● Task details
Leaving the pictures aside, transcribe every line below exactly.

● Information shown
>>>

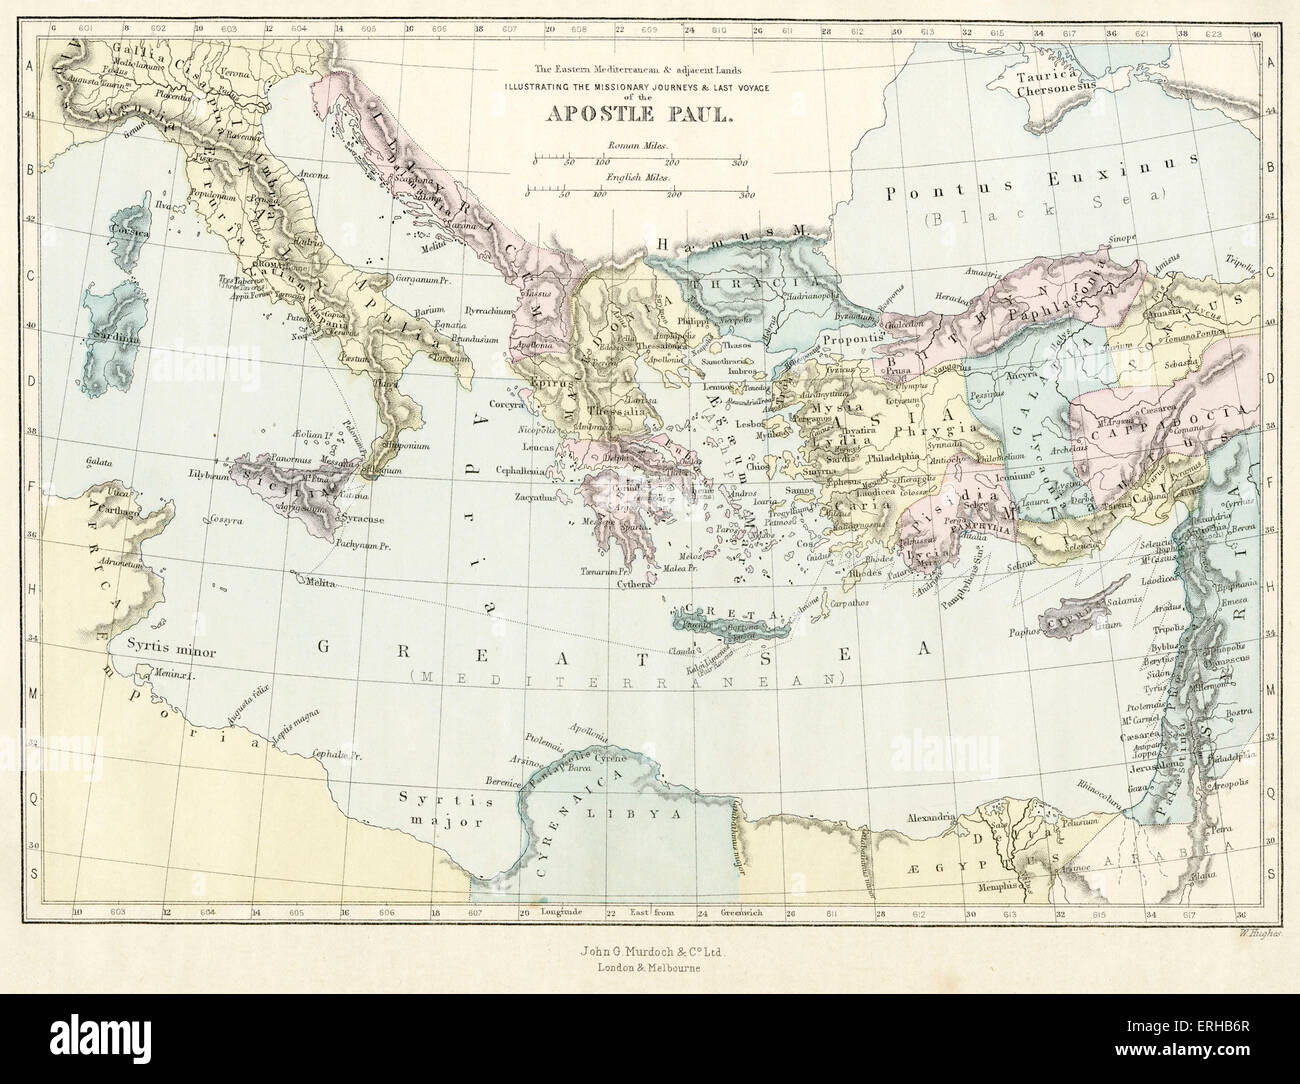 Xix secolo mappa raffigurante i viaggi missionari e ultimo viaggio dell Apostolo Paolo attraverso il Mediterraneo. Illustrazione di Philip Morris R (1836-1902). Foto Stock
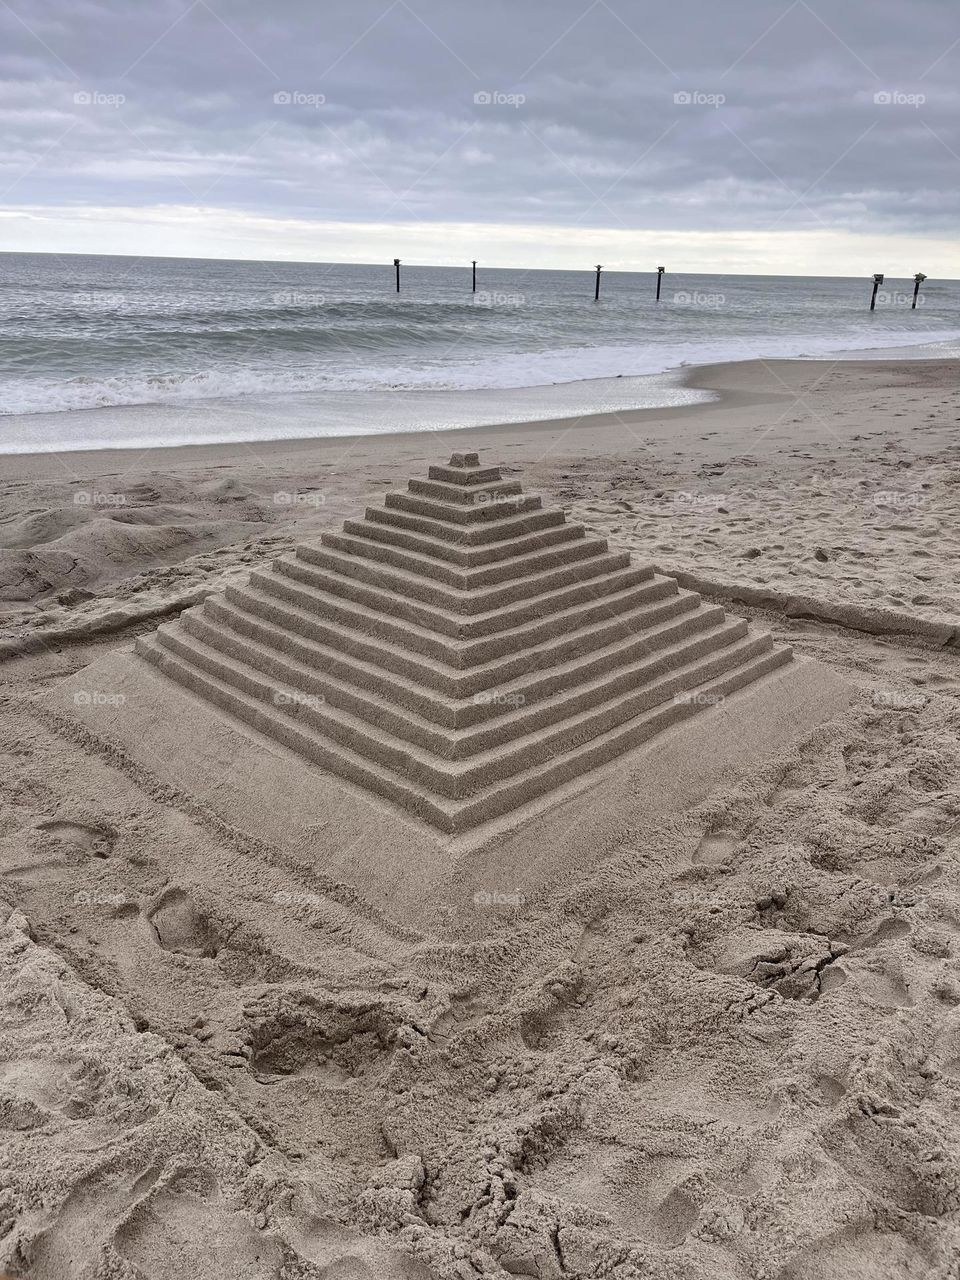 Sandcastles on the beach 
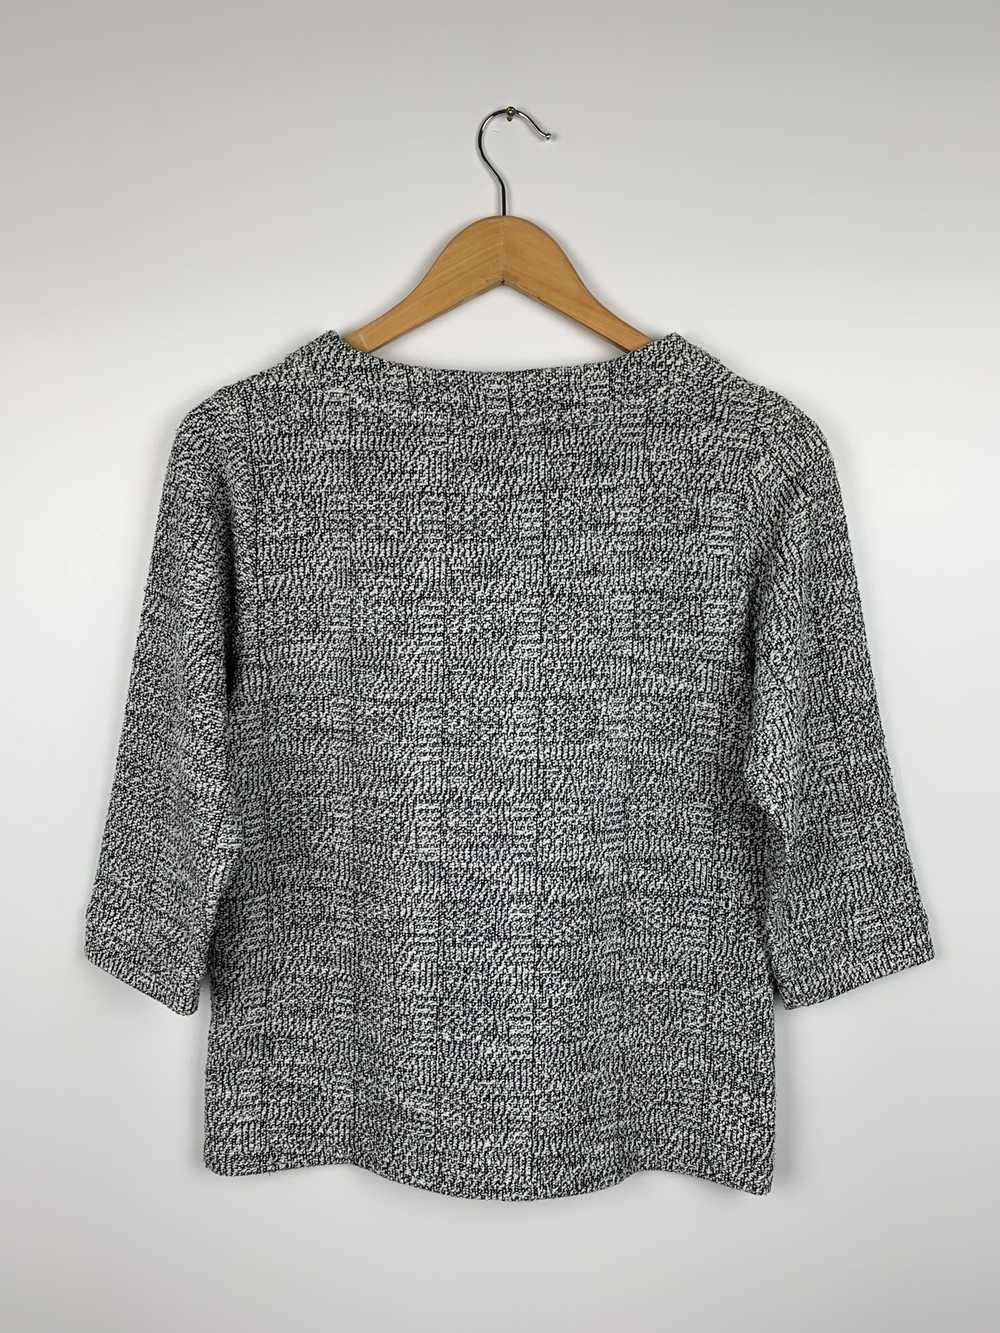 A.P.C. Wmns A.P.C Lurex Cotton Sweater Size M - image 4

<<<

● Task solution
 Xix secolo mappa raffigurante i viaggi missionari e ultimo viaggio dell Apostolo Paolo attraverso il Mediterraneo. Illustrazione di Philip Morris R (1836-1902). Foto Stock
 Sandcastles on the beach 
 A.P.C. Wmns A.P.C Lurex Cotton Sweater Size M - image 4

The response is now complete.